Akan tetapi terdapat pengecualian dalam Pasal 1832 KUH Perdata, bahwa:
Penanggung tidak dapat menuntut supaya barang milik debitur lebih dulu disita dan dijual untuk melunasi utangnya:
- bila ia telah melepaskan hak istimewanya untuk menuntut barang-barang debitur lebih dahulu disita dan dijual;
- bila ia telah mengikatkan dirinya bersama-sama dengan debitur terutama secara tanggung menanggung, dalam hal itu, akibat-akibat perikatannya diatur menurut asas-asas yang ditetapkan untuk utang-utang tanggung-menanggung;
- jika debitur dapat mengajukan suatu tangkisan yang hanya mengenai dirinya sendiri secara pribadi;
- jika debitur berada keadaan pailit;
- dalam hal penanggungan yang diperintahkan oleh Hakim.
Lebih lanjut mengenai kedudukan debitur penanggung dalam permohonan penundaan kewajiban pembayaran utang (“PKPU”) dapat kita lihat pada Pasal 254 Undang-Undang Nomor 37 Tahun 2004 tentang Kepailitan dan Penundaan Kewajiban Pembayaran Utang (“UU 37/2004”) yang selengkapnya berbunyi:
Penundaan kewajiban pembayaran utang tidak berlaku bagi keuntungan sesama Debitor dan penanggung.
Dari bunyi pasal tersebut, kami mencoba menafsirkan dua hal berikut:
- Debitur penanggung tidak dapat diajukan permohonan PKPU; atau
- Debitur penanggung bisa diajukan permohonan PKPU bersama dengan debitur awal, namun tidak berkewajiban memberikan proposal perdamaian.

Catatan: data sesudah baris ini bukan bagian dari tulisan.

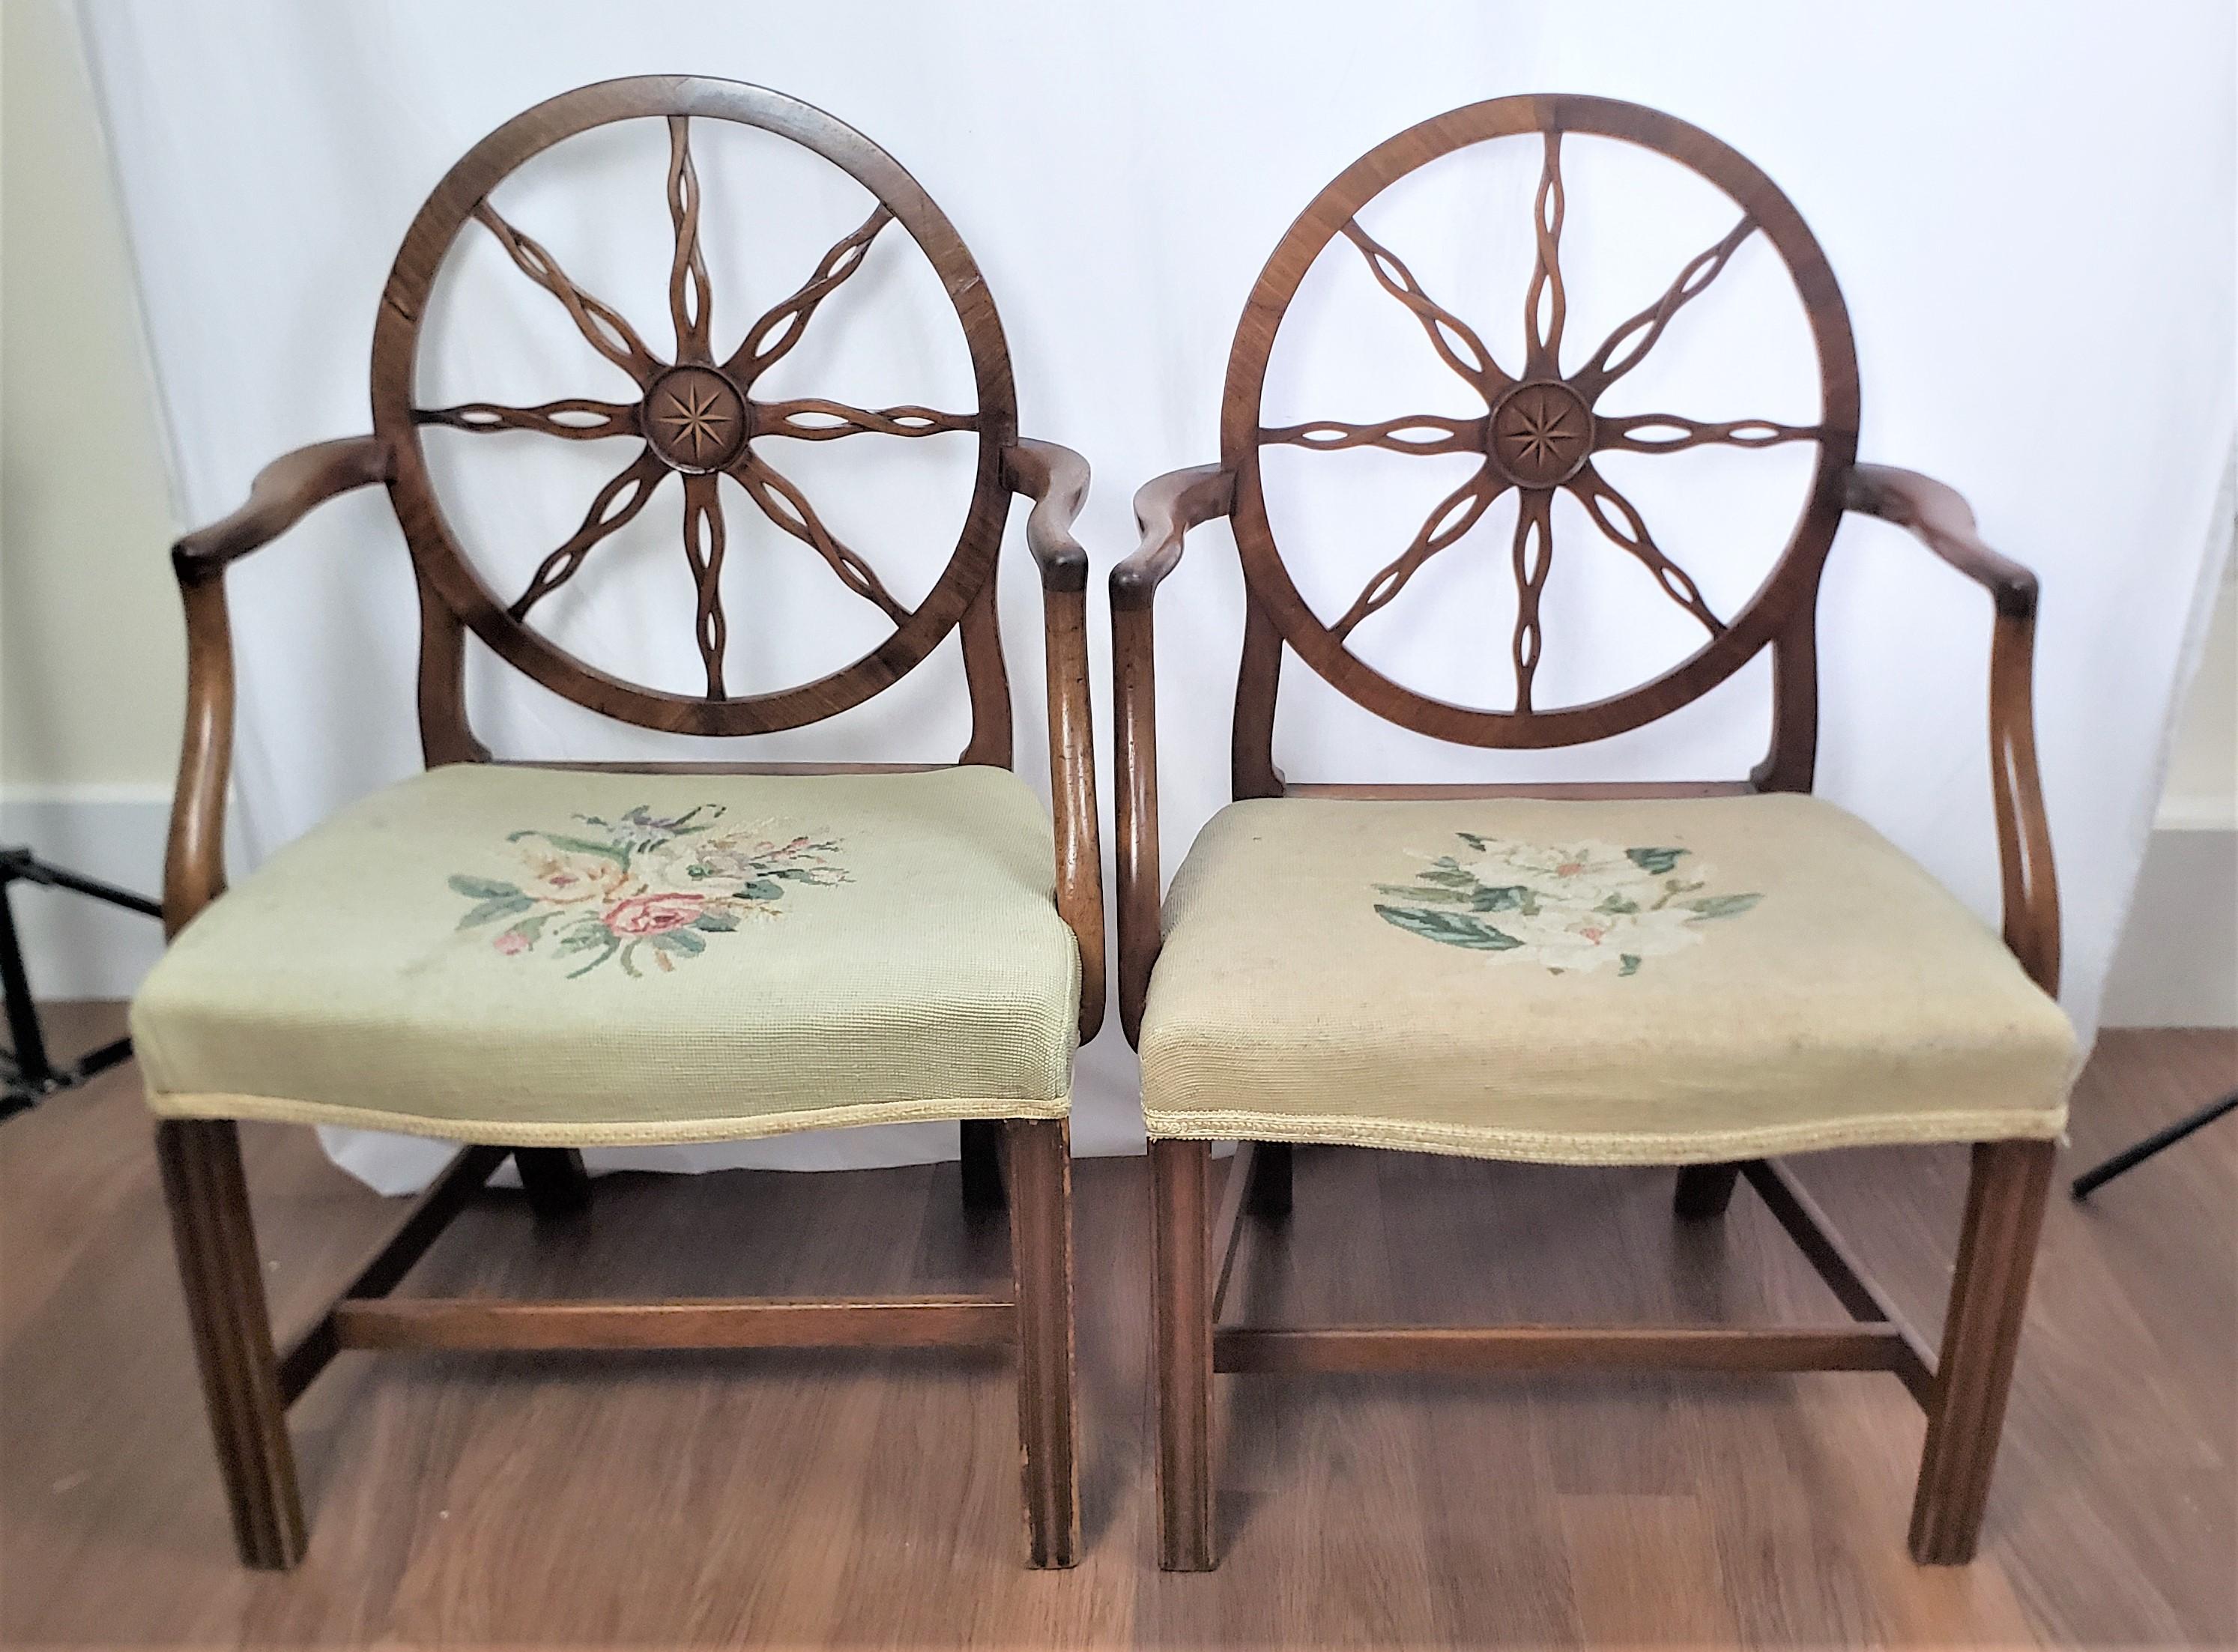 This pair of antique armchair frames are unsigned, but presumed to have originated from England and date to approximately 1790 and done in the period King George III style. The chairs are composed of walnut and feature a large spoked wheel back with

Sampai sejauh ini memang masih terdapat perbedaan tafsir dari rumusan Pasal 254 UU 37/2004 di atas. Ada yang berpendapat bahwa debitur penanggung tidak dapat diajukan PKPU karena konsep penundaan itu sendiri adalah merestrukturisasi utang, sedangkan debitur penanggung itu hanya menjamin utang-utang milik debitur awal. Oleh karenanya jika membahas mengenai restrukturisasi, otomatis yang memiliki utang adalah debitur awal dan bukan si debitur penanggung.

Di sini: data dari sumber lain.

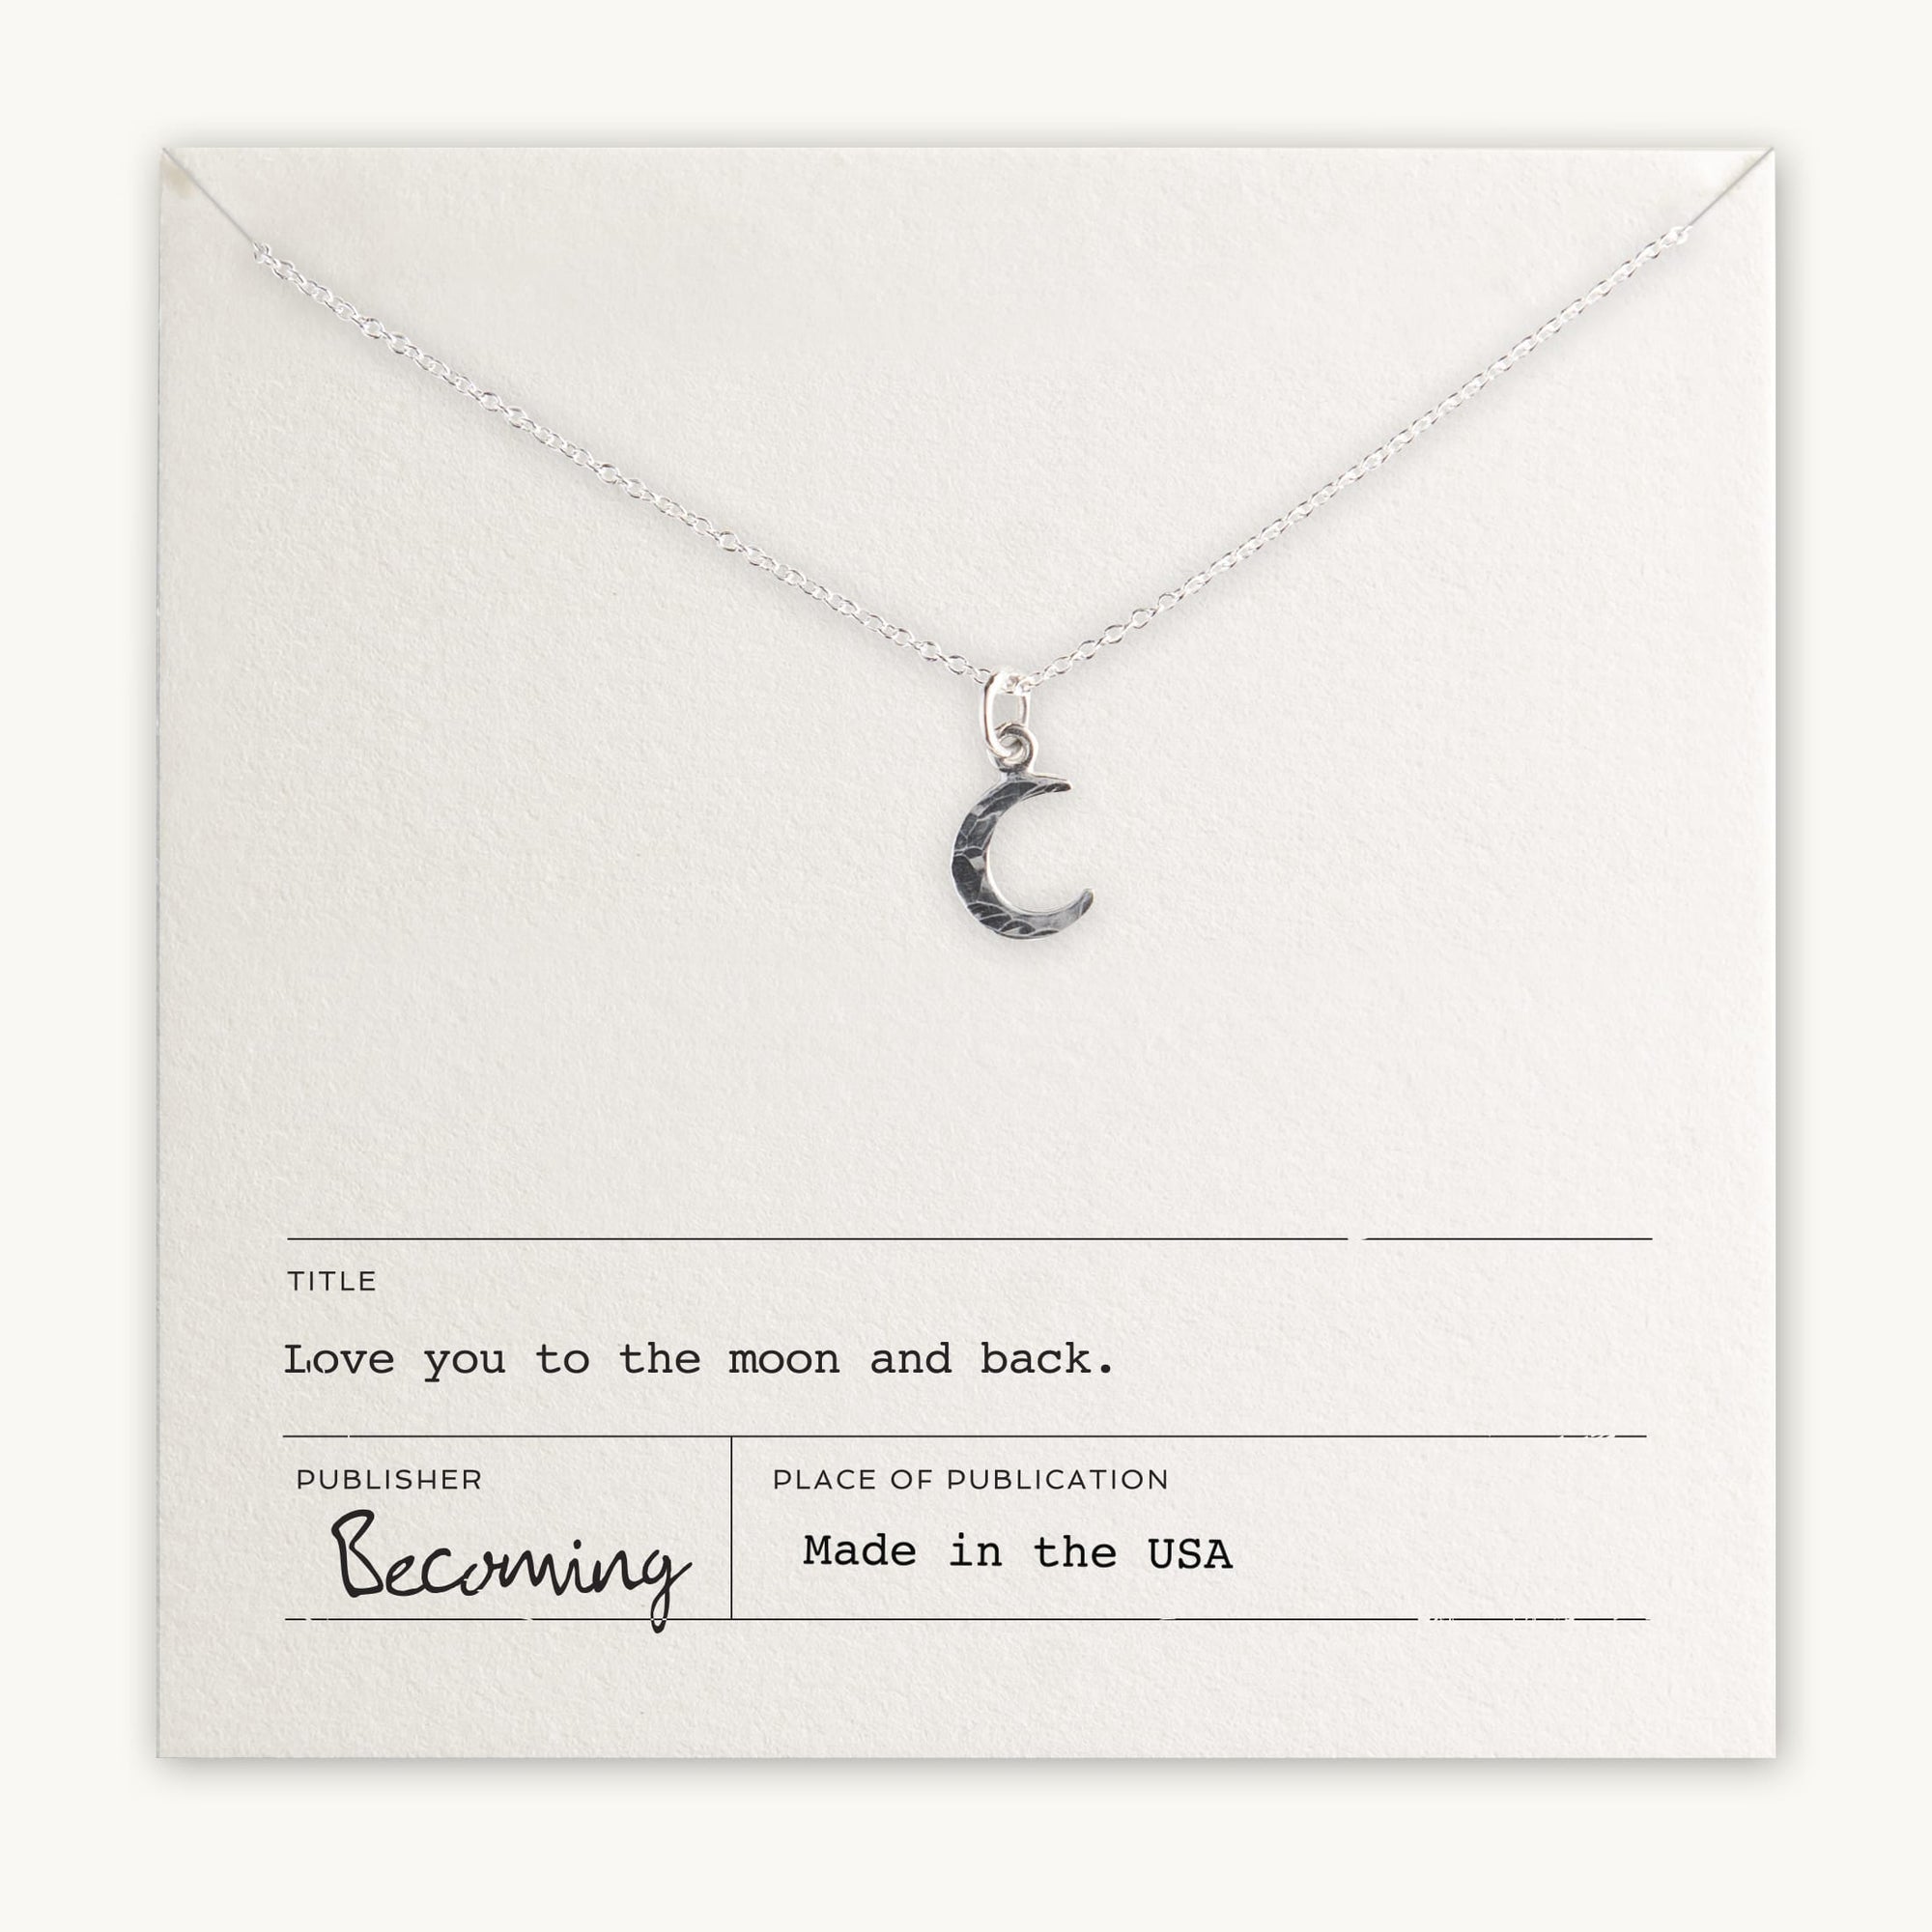 Becoming Jewelry&#39;s Love You To The Moon Necklace displayed on a card with the inscription &quot;love you to the moon and back.&quot; made in the USA.

Namun kami berpendapat jika debitur penanggung telah melepaskan hak istimewanya sebagaimana dimaksud dalam Pasal 1832 KUH Perdata, maka hal tersebut mengakibatkan terjadinya persamaan hukum (equality) antara debitur awal dan debitur penanggung. Hal tersebut juga membawa pada keadaan di mana kreditur dapat memilih kepada siapa dia akan menuntut haknya. Termasuk di dalamnya untuk melakukan langkah-langkah hukum pengajuan permohonan PKPU terhadap keduanya (debitur awal dan debitur penanggung) secara bersama-sama pada pengadilan niaga setempat.
Lebih dari itu, kami juga berpendapat bahwa debitur penanggung tidak berkewajiban untuk mengajukan proposal perdamaian, karena kedudukannya ibarat sebagai accesoir (pelengkap). Jadi yang tetap berkewajiban mengajukan proposal perdamaian adalah debitur awal, meskipun keduanya (debitur awal dan debitur penanggung) berada dalam keadaan PKPU.
Atas uraian di atas maka dapat disimpulkan bahwa debitur penanggung dapat diajukan permohonan PKPU bersamaan dengan debitur awal jika ia telah melepaskan hak istimewanya dalam Pasal 1832 KUH Perdata, yang menyebabkan hilangnya hak untuk menuntut barang-barang debitur untuk lebih dahulu disita dan dijual.
Demikian jawaban dari kami, semoga bermanfaat.
Referensi:
Salim HS. Perkembangan Hukum Jaminan di Indonesia. Rajawali Pers: Jakarta, 2017.